A Crazy Week in Politics

It has been a crazy week in politics.

Colorado congresswoman Lauren Boebert got her bitch ass thrown out of a theater in Denver (I had to say that. It felt good) that was putting on a performance of the musical Beetlejuice. Boebert insisted via her campaign manager that she was not doing anything more than singing along enthusiastically (which may be disruptive in and of itself. I don’t know how Boebert sings and I don’t want to), but eyewitness accounts and security footage indicate otherwise. There was yelling and screaming, vaping, recording with her phone, and even some hanky-panky with her date. As she and her date were being removed by security, she said such things as “Do you know who I am?” and “I will be contacting the mayor”. Boebert later issued an apology, stating that her behavior “fell short of my values”, but in reality such behavior is perfectly on brand for Boebert (she made waves by heckling Biden during his 2022 State of the Union speech) and plays very well with her base.

It is not my place to attempt to take down Boebert, though I do confess to feeling no small amount of schadenfreude at watching all this go down. Hopefully all this will play out; there seem to be indications that voters back home in Colorado may have had enough of Boebert.

In other news, long-time California senator Dianne Feinstein died yesterday at age 90.

Feinstein was elected to the US Senate in 1992. Her three decades in office made her the longest-serving female US senator in history. Feinstein was active up to the very end; she participated in a vote Thursday morning.

There had been concerns about Feinstein’s health over the past year. She had to take a lengthy leave of absence in the early part of this year, and there was much speculation over what would happen if she had to step down. This has led to an ongoing conversation around the fitness of aging lawmakers to remain in office.

Prior to serving in the Senate, Feinstein was mayor of San Francisco for many years. She became mayor in 1978 when then-mayor George Moscone and supervisor Harvey Milk were assassinated. She was the first female mayor of San Francisco. Prior to that, she served on the San Francisco Board of Supervisors, where she was its first female chair.

While in the Senate, Feinstein became the first female chair of the Senate Rules and Administration Committee, the first female chair of the Senate Intelligence Committee, and the first woman to sit on the Senate Judiciary Committee. She also served on the Senate Appropriations Committee, and was the ranking member of the Judiciary Committee from 2017 to 2021. Feinstein led efforts on gun control which resulted in a 1994 federal ban on assault weapons, which has since lapsed. She also was influential in a 2014 report that exposed much of the CIA’s practices of torture and interrogation in the wake of 9/11.

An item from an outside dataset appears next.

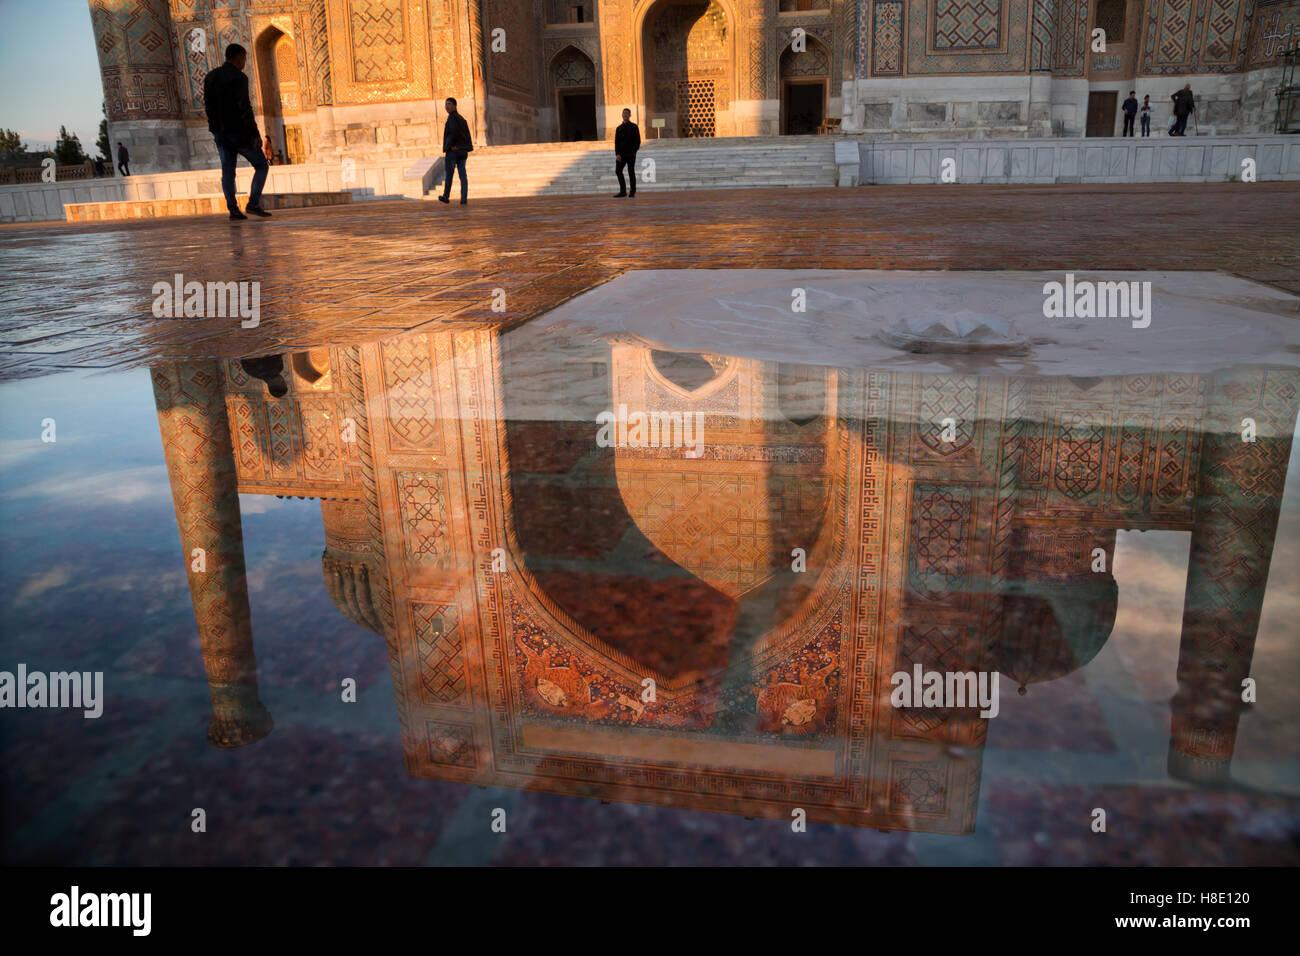 Spiegelung des Wassers der Registan Architektur bei Sonnenuntergang, Samarkand, Usbekistan Stockbild

Feinstein was a progressive, but was willing to work across the aisle with Republicans, much to the consternation of her fellow progressives. She was praised for her distinguished career by progressives and conservatives alike, including Dick Durbin, Kevin McCarthy, and Chuck Schumer.

Whatever your political commitments may be, you cannot argue that Feinstein has served with class and distinction in a way that will be sorely missed, especially in the present political climate.